You don’t know what’s gonna happen out there because Carmon’s not a computer,” he explains. “I can look down with my face up and know where he’s at … it’s comforting. And he’s saved my butt a few times too!” Yet the Ballet isn’t out of the woods fundingwise for the balance of this season. Prior to the Nippert grant, they had established a special fundraising committee dedicated to the live music cause. The Ballet hopes to generate funds to secure live music for two of this season’s remaining productions: Cinderella and Mozart’s Requiem.
“I’m still concerned about this year,” DeLeone says. “I’m especially concerned because Prokofiev’s Cinderella is just about my favorite score to conduct. I would hate to be sitting in the audience listening to a recording of it instead of conducting a live orchestra. To me, that would just be a crime.”

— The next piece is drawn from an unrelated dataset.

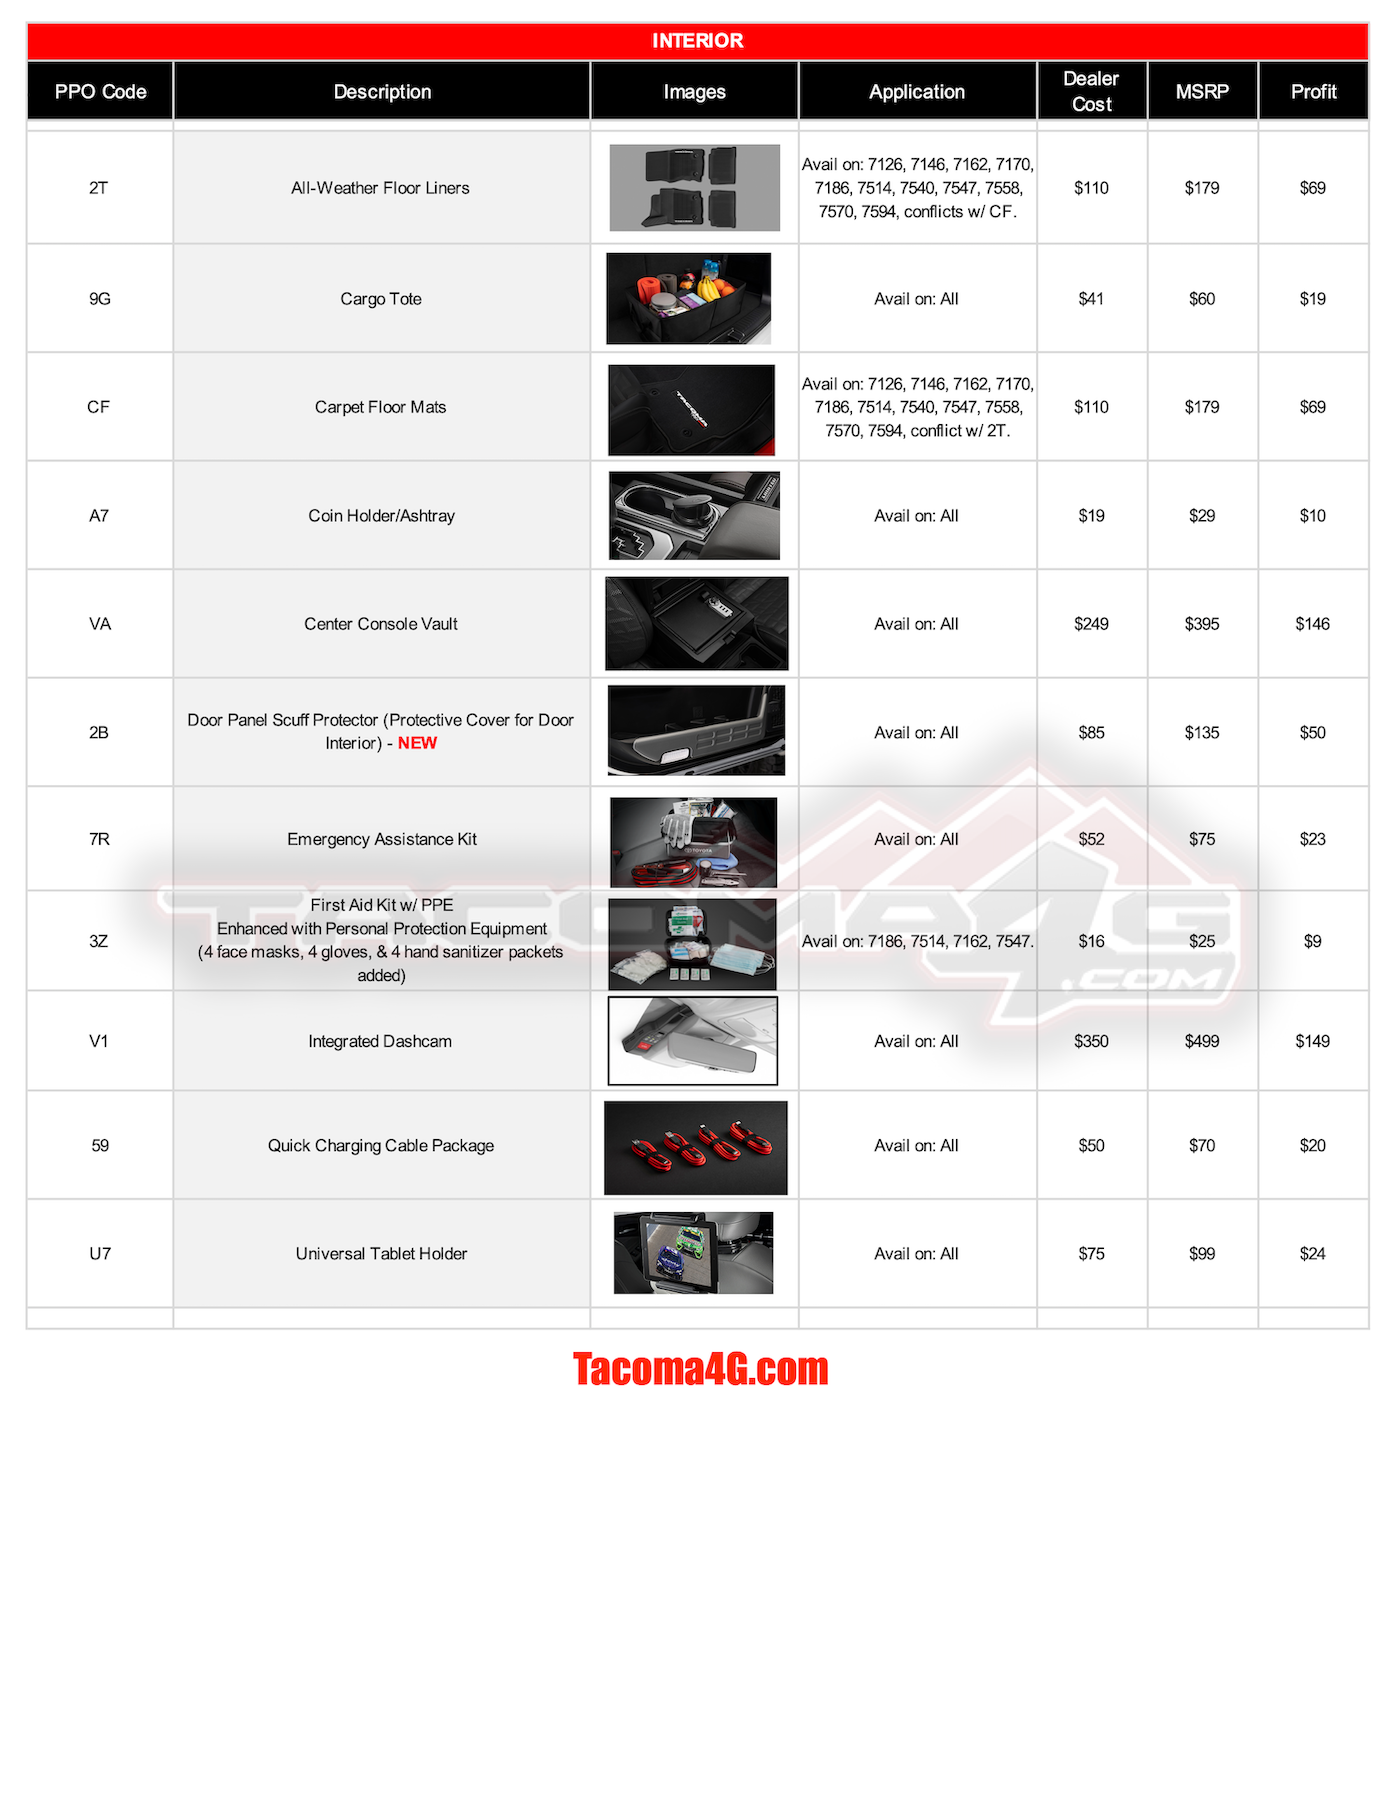 2024 Tacoma 2024 Tacoma Post-Production Options (PPO) Guide - OEM / TRD Accessories Parts + Pricing!  [UPDATED 5-7-24] MY24 Tacoma PPO Guide_04_02_24-5

Funds permitting, Cincinnati Ballet hopes CBO will play these shows.
With the Nippert grant next season, the CSO will become the Ballet’s orchestra once again after more than a decade of CBO partnership. However, the Ballet’s CEO/Artistic Director Victoria Morgan and DeLeone say there will probably still be some work for CBO, particularly for dates when the CSO won’t be available. Both also express regret about the loss of work for the CBO musicians.
DeLeone says, “It’s a difficult subject because I love that orchestra very, very much.
They have served the Ballet with great dedication over the years and I certainly hope that there will be some way in the future to continue to make use of their talents.”
Longtime CBO trombone player Glenn Proffit is less optimistic. “There’s a chance,” he says of CBO’s possibly playing Cinderella. “I’m very pessimistic. I don’t see them spending the money to do it.” Proffit says there’s no future for the CBO.
“You’re getting a smaller and smaller arts community in this town, with more and more money shoveled into fewer and fewer organizations,” he says.
Morgan stresses that if it comes down to hiring musicians or dancers, they must choose to hire dancers — and they have fewer dancers now than ever in her 10-plusyear tenure. She wishes she didn’t have to make some of the tough decisions she’s had to make with staffing and beyond, but that’s become life in the arts today.
DeLeone says the Ballet’s live music budget typically runs in excess of the grant’s amount.
“There still may be some money to raise,” he says, “but it’ll certainly be an easier path at this point.”